Gateway & Network Provisioning
Gateways are the foundation of every LoRaWAN® deployment. Before any device can join the network, at least one gateway must be online, registered, and within Radio Frequency (RF) reach of that device.
Choosing a Gateway
MachineQ supports a range of indoor and outdoor LoRaWAN gateways. The right choice depends on:
- Coverage area: Indoor vs. Outdoor
- Backhaul: Ethernet vs. cellular
Contact MachineQ Support for hardware recommendations specific to your deployment.
Registering a Gateway
Step 1: Look Up the Gateway Profile ID
Gateway creation requires a Gateway Profile ID (the model/hardware type). Fetch available profiles for your account:
curl -sS -H "Authorization: Bearer $MQ_TOKEN" \
"https://api.machineq.net/v1/gatewayprofiles" | jq
Save the Id for the profile matching your hardware; pass it as GatewayProfile in the next step.

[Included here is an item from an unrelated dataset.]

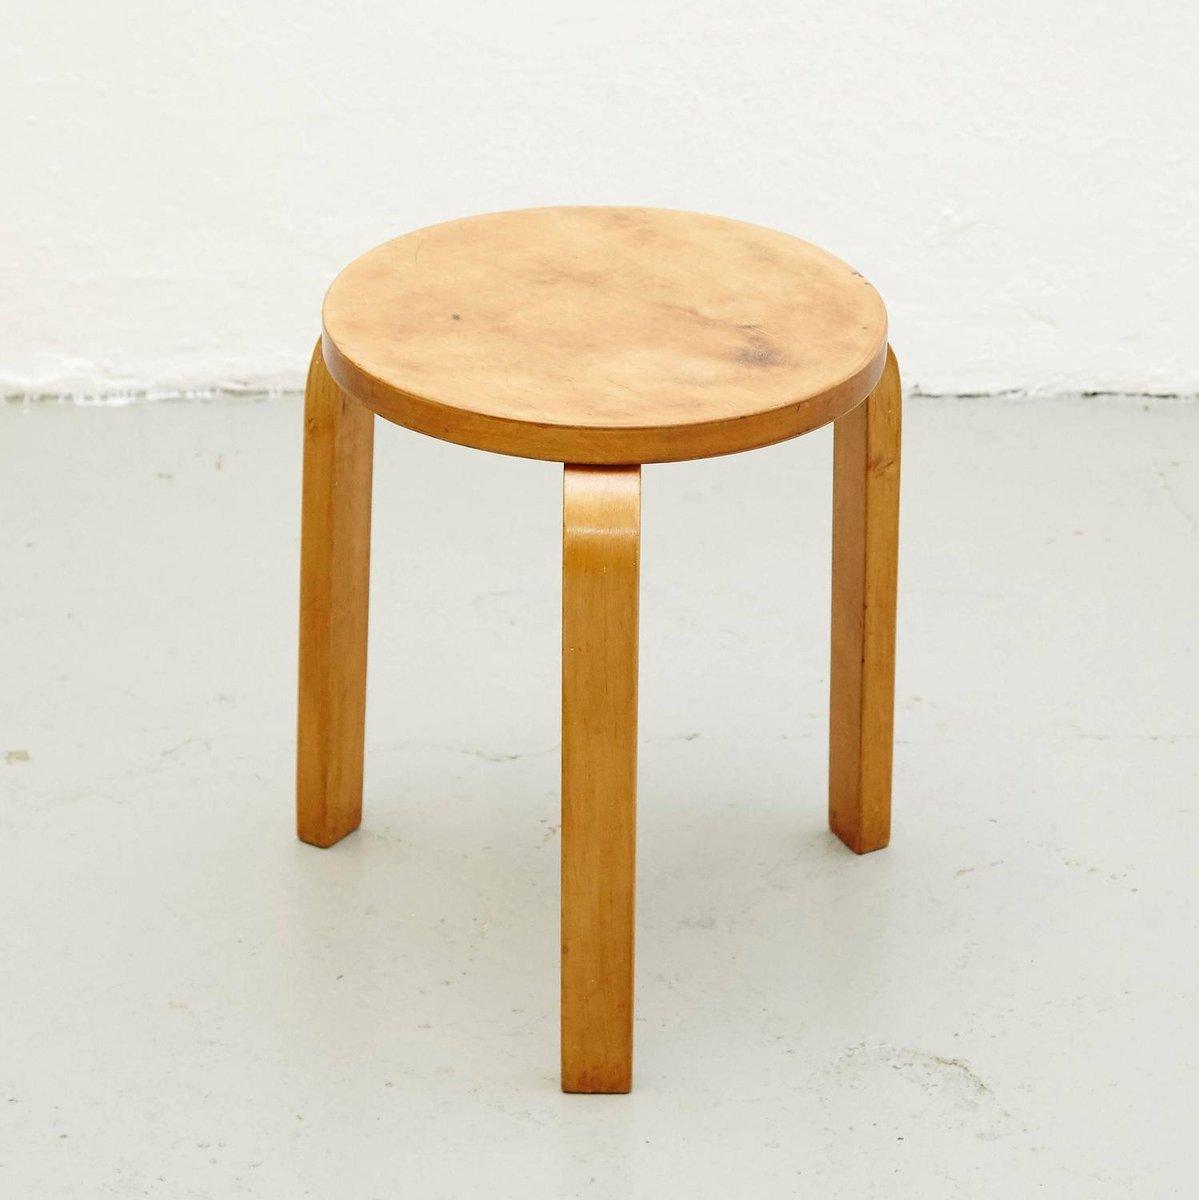 Finnish stool by alvar aalto for artek 1950s for sale at for Alvar aalto chaise

Step 2: Create the Gateway
You need the gateway's Node ID (the 16-digit hex Gateway EUI, printed on the device or available via its onboarding QR code) and its MAC address.
curl -sS -X POST https://api.machineq.net/v1/gateways \
-H "Authorization: Bearer $MQ_TOKEN" \
-H "Content-Type: application/json" \
-d '{
"NodeId": "<node_id>",
"MacAddress": "<mac_address>",
"Name": "warehouse-roof-01",
"GatewayProfile": "<gateway_profile_id>",
"AntennaGain": "3",
"LocationType": "OUTDOOR",
"Coordinates": {
"X": "39.9526",
"Y": "-75.1652",
"Z": "12"
}
}'
Field notes:
Coordinates.X= Latitude,Y= Longitude,Z= Height in meters, all as string values. Set to0if location is unknown.LocationTypeacceptsINDOORorOUTDOOR.GPSEnabled: truecan be set for GPS-equipped gateways; the gateway will self-report its position, soCoordinatescan be omitted.CellularEnabled: trueunlocks optionalIMEIandICCIDfields for cellular backhaul.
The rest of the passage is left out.